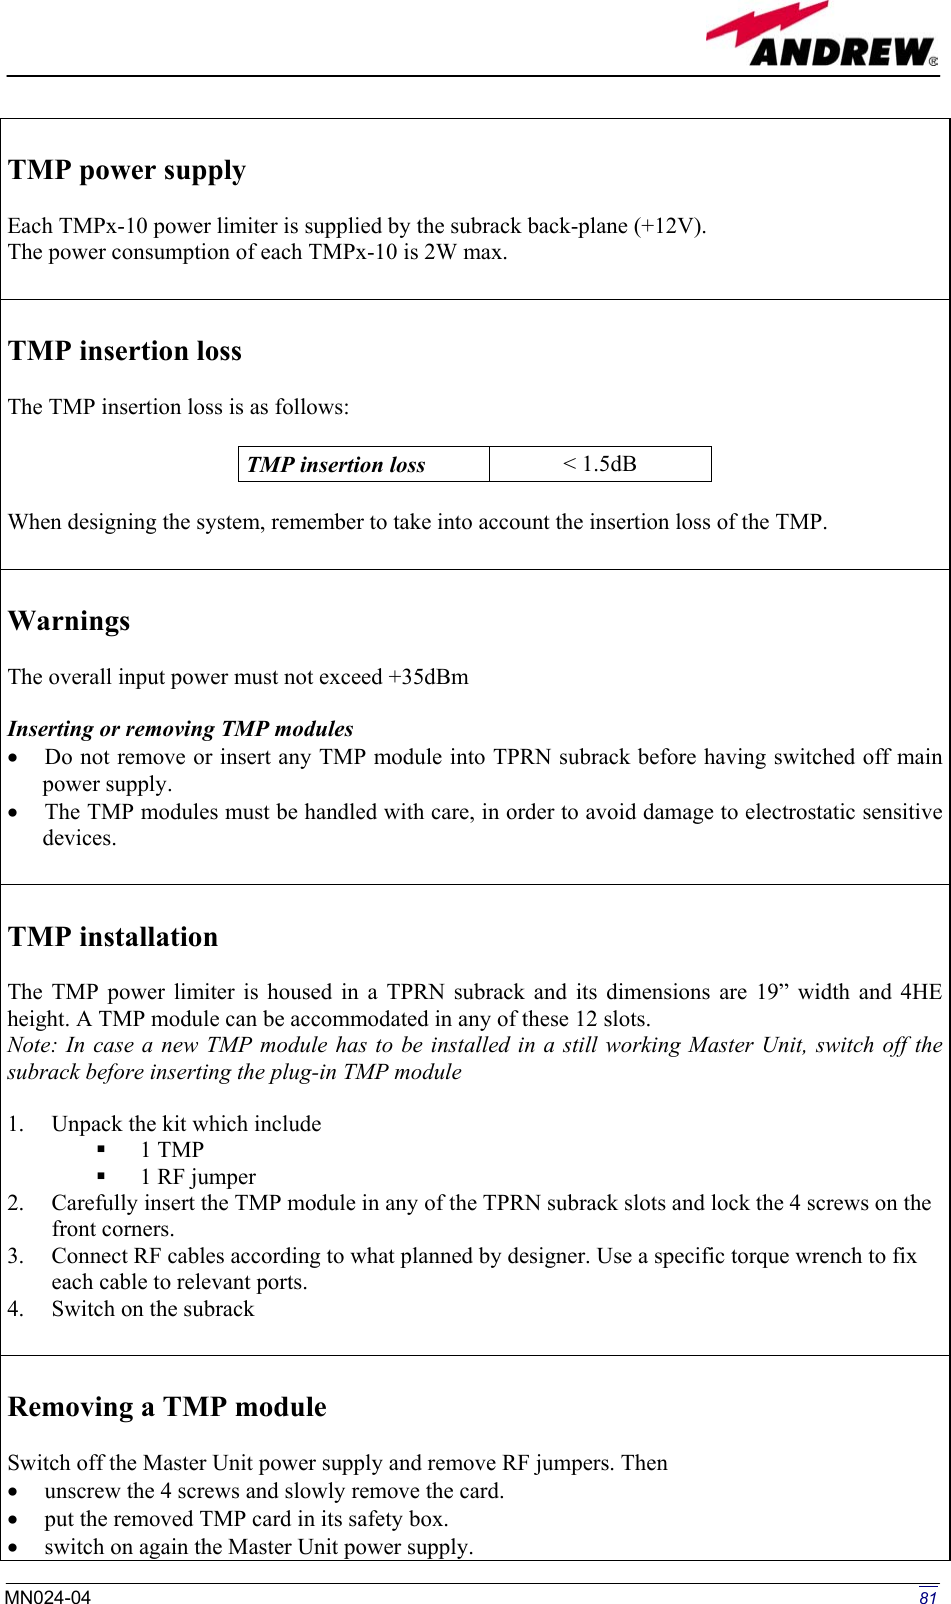   TMP power supply  Each TMPx-10 power limiter is supplied by the subrack back-plane (+12V). The power consumption of each TMPx-10 is 2W max.    TMP insertion loss   The TMP insertion loss is as follows:  TMP insertion loss   &lt; 1.5dB  When designing the system, remember to take into account the insertion loss of the TMP.   Warnings  The overall input power must not exceed +35dBm  Inserting or removing TMP modules •  Do not remove or insert any TMP module into TPRN subrack before having switched off main power supply. •  The TMP modules must be handled with care, in order to avoid damage to electrostatic sensitive devices.   TMP installation  The TMP power limiter is housed in a TPRN subrack and its dimensions are 19” width and 4HE height. A TMP module can be accommodated in any of these 12 slots. Note: In case a new TMP module has to be installed in a still working Master Unit, switch off the subrack before inserting the plug-in TMP module  1.  Unpack the kit which include   1 TMP   1 RF jumper 2.  Carefully insert the TMP module in any of the TPRN subrack slots and lock the 4 screws on the front corners. 3.  Connect RF cables according to what planned by designer. Use a specific torque wrench to fix each cable to relevant ports. 4.  Switch on the subrack   Removing a TMP module  Switch off the Master Unit power supply and remove RF jumpers. Then  •  unscrew the 4 screws and slowly remove the card. •  put the removed TMP card in its safety box. •  switch on again the Master Unit power supply.  81MN024-04  
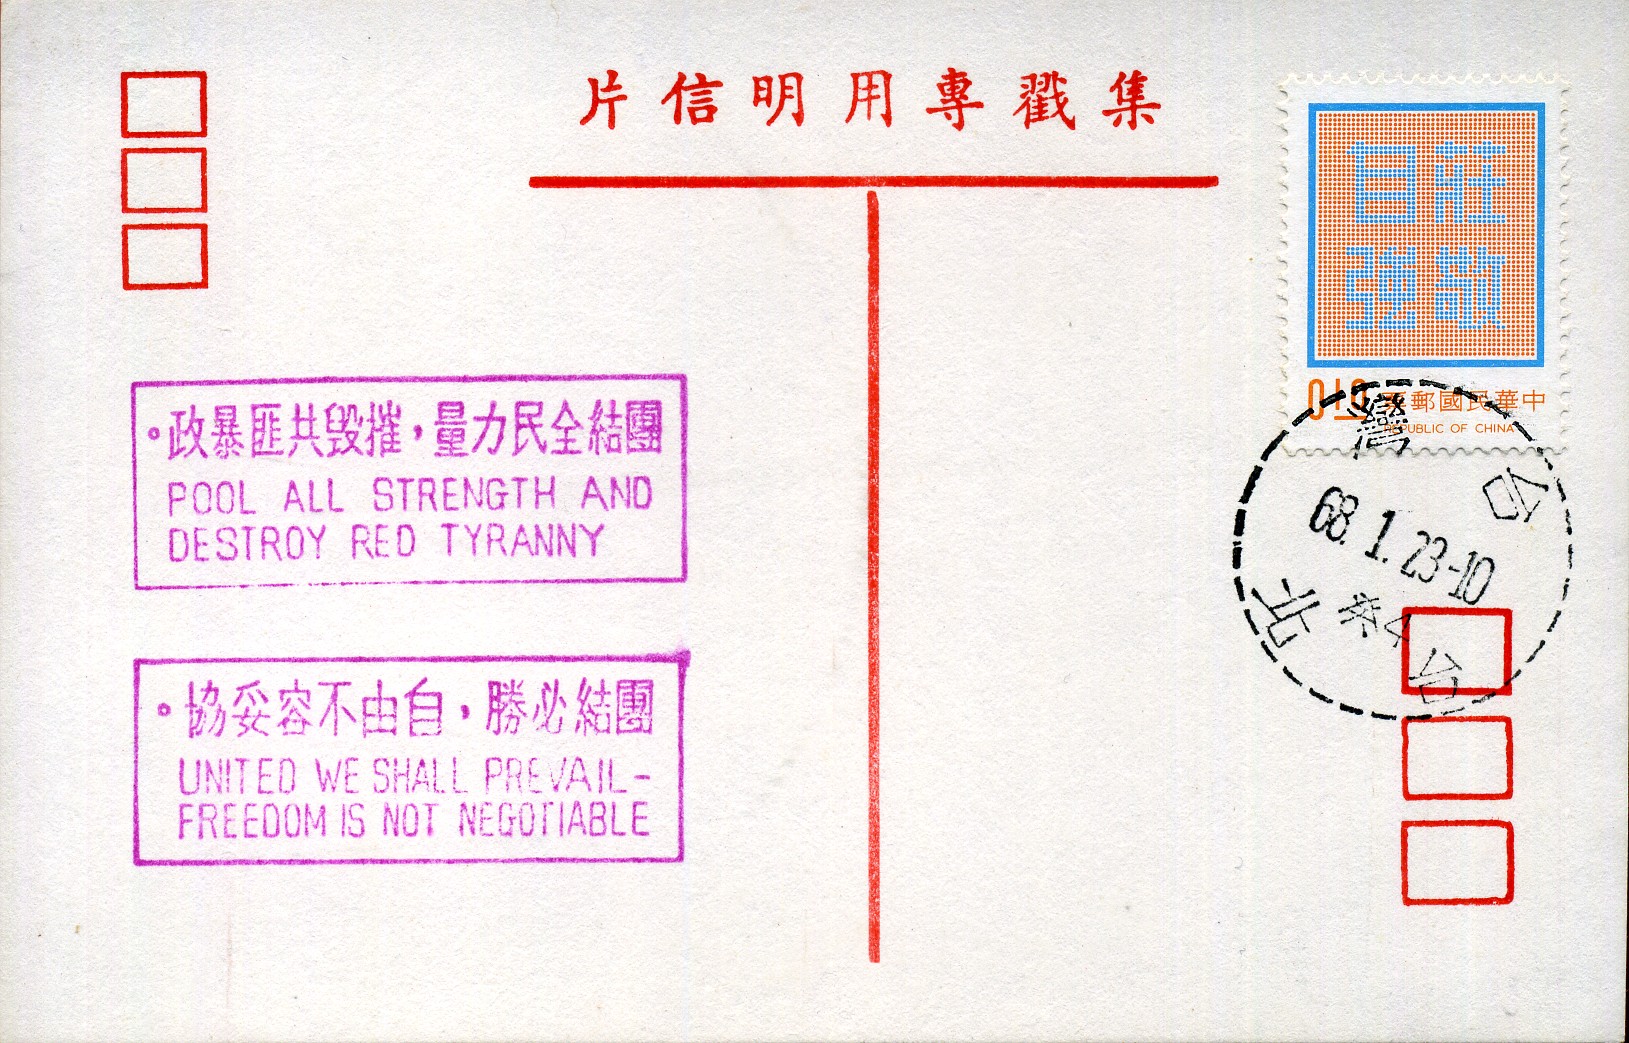 Pool all strength and destroy red tyranny - Handstempel – lila - Taipeh (?)
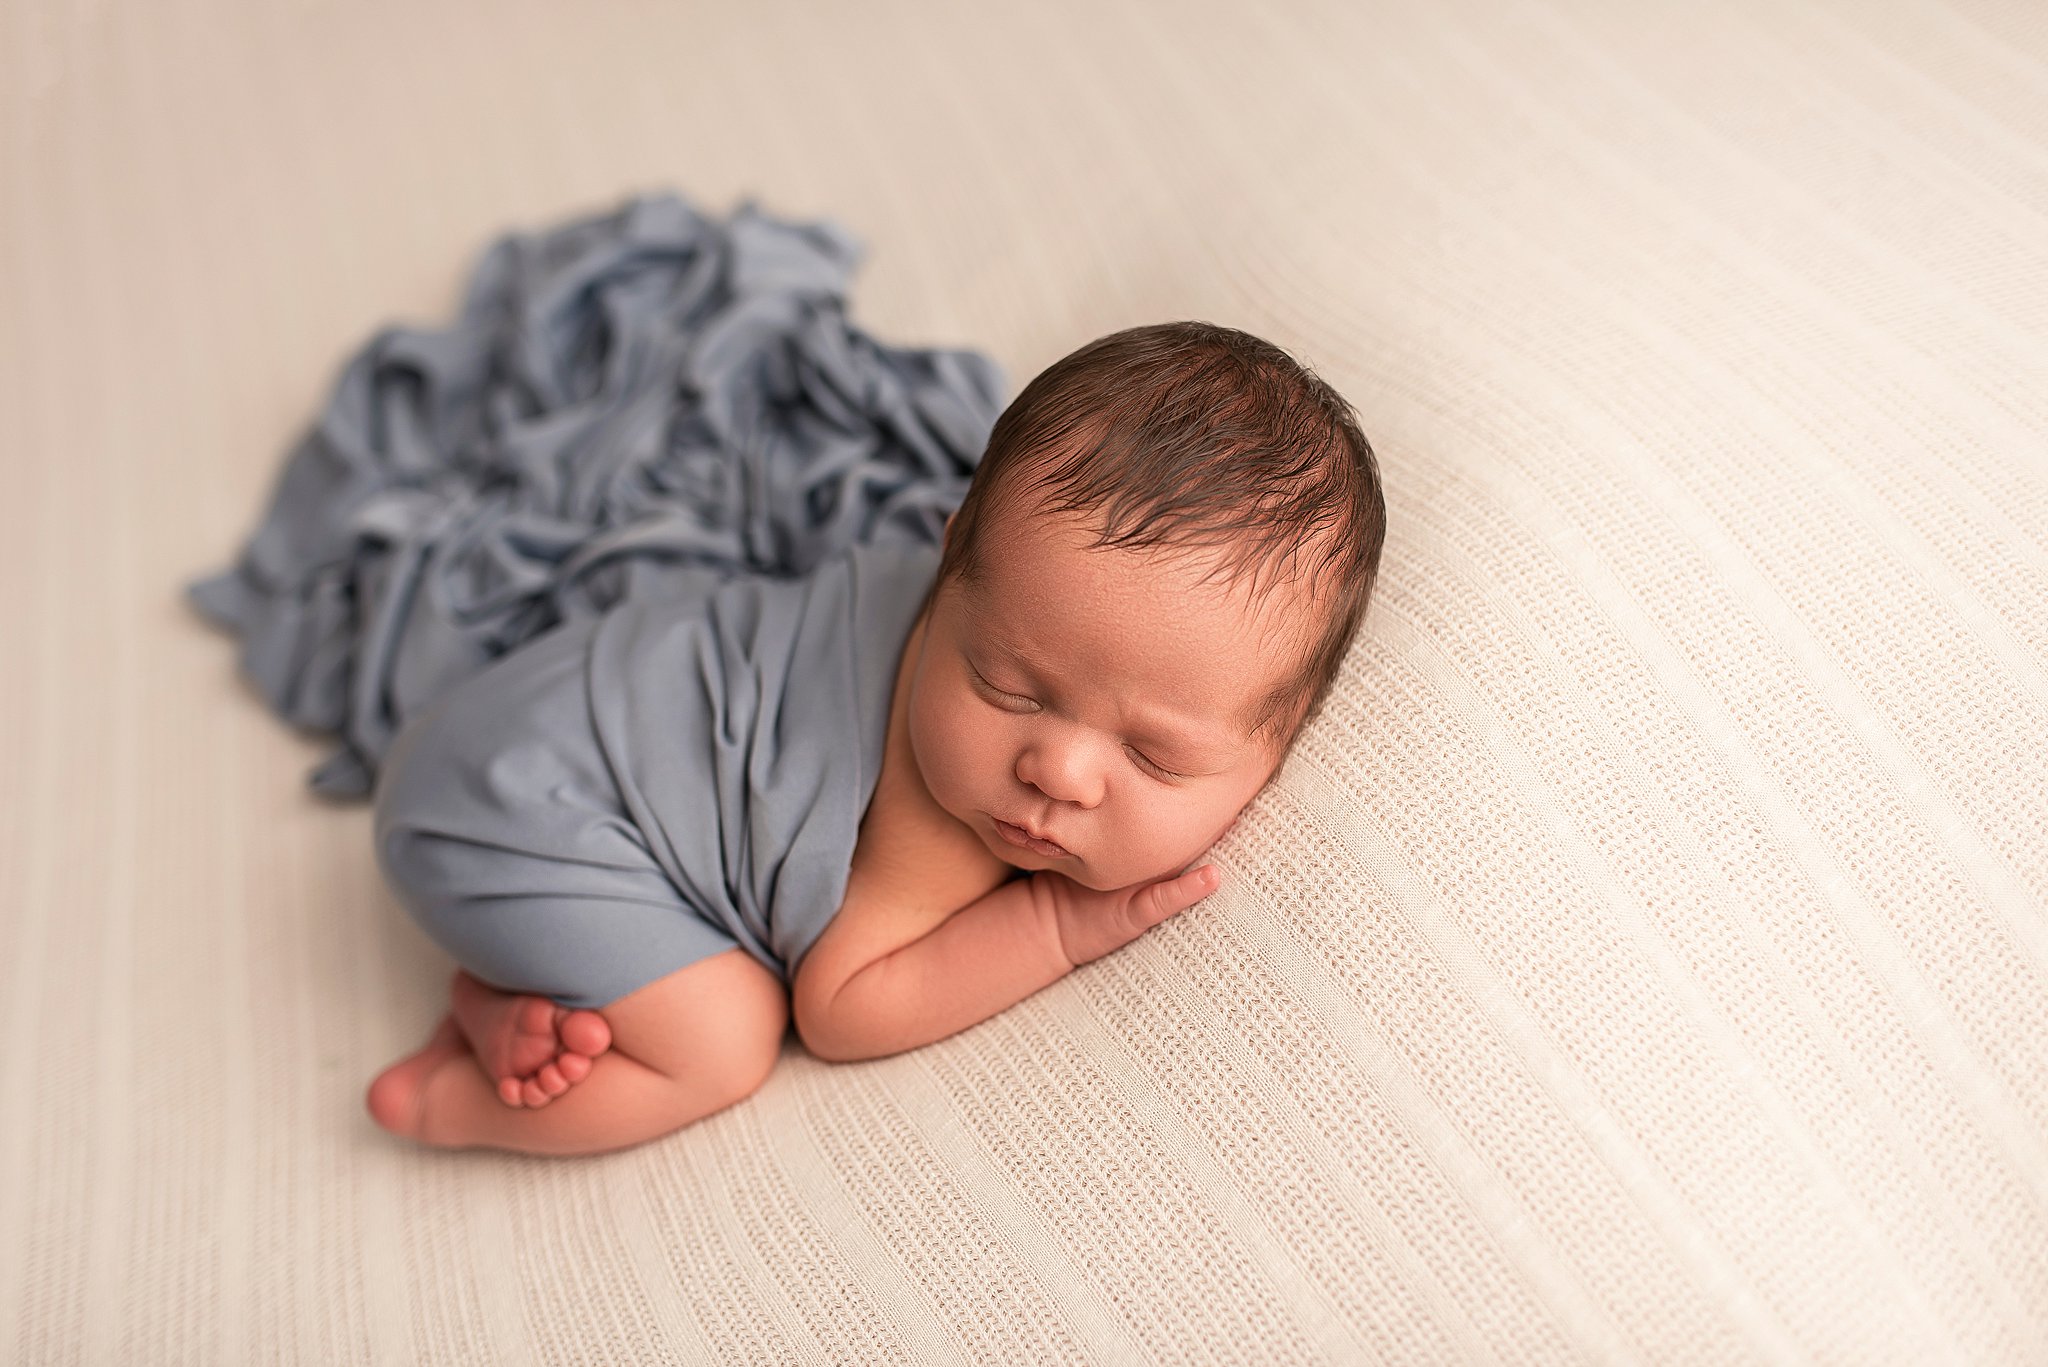 A newborn baby sleeps in froggy pose while wrapped in a blue blanket

**Task to complete**
What is needed is an exact copy of the data, with the pictures removed.

**Result of this exercise**
   TMP power supply  Each TMPx-10 power limiter is supplied by the subrack back-plane (+12V). The power consumption of each TMPx-10 is 2W max.    TMP insertion loss   The TMP insertion loss is as follows:  TMP insertion loss   &lt; 1.5dB  When designing the system, remember to take into account the insertion loss of the TMP.   Warnings  The overall input power must not exceed +35dBm  Inserting or removing TMP modules •  Do not remove or insert any TMP module into TPRN subrack before having switched off main power supply. •  The TMP modules must be handled with care, in order to avoid damage to electrostatic sensitive devices.   TMP installation  The TMP power limiter is housed in a TPRN subrack and its dimensions are 19” width and 4HE height. A TMP module can be accommodated in any of these 12 slots. Note: In case a new TMP module has to be installed in a still working Master Unit, switch off the subrack before inserting the plug-in TMP module  1.  Unpack the kit which include   1 TMP   1 RF jumper 2.  Carefully insert the TMP module in any of the TPRN subrack slots and lock the 4 screws on the front corners. 3.  Connect RF cables according to what planned by designer. Use a specific torque wrench to fix each cable to relevant ports. 4.  Switch on the subrack   Removing a TMP module  Switch off the Master Unit power supply and remove RF jumpers. Then  •  unscrew the 4 screws and slowly remove the card. •  put the removed TMP card in its safety box. •  switch on again the Master Unit power supply.  81MN024-04  
 Pool all strength and destroy red tyranny - Handstempel – lila - Taipeh (?)
 A newborn baby sleeps in froggy pose while wrapped in a blue blanket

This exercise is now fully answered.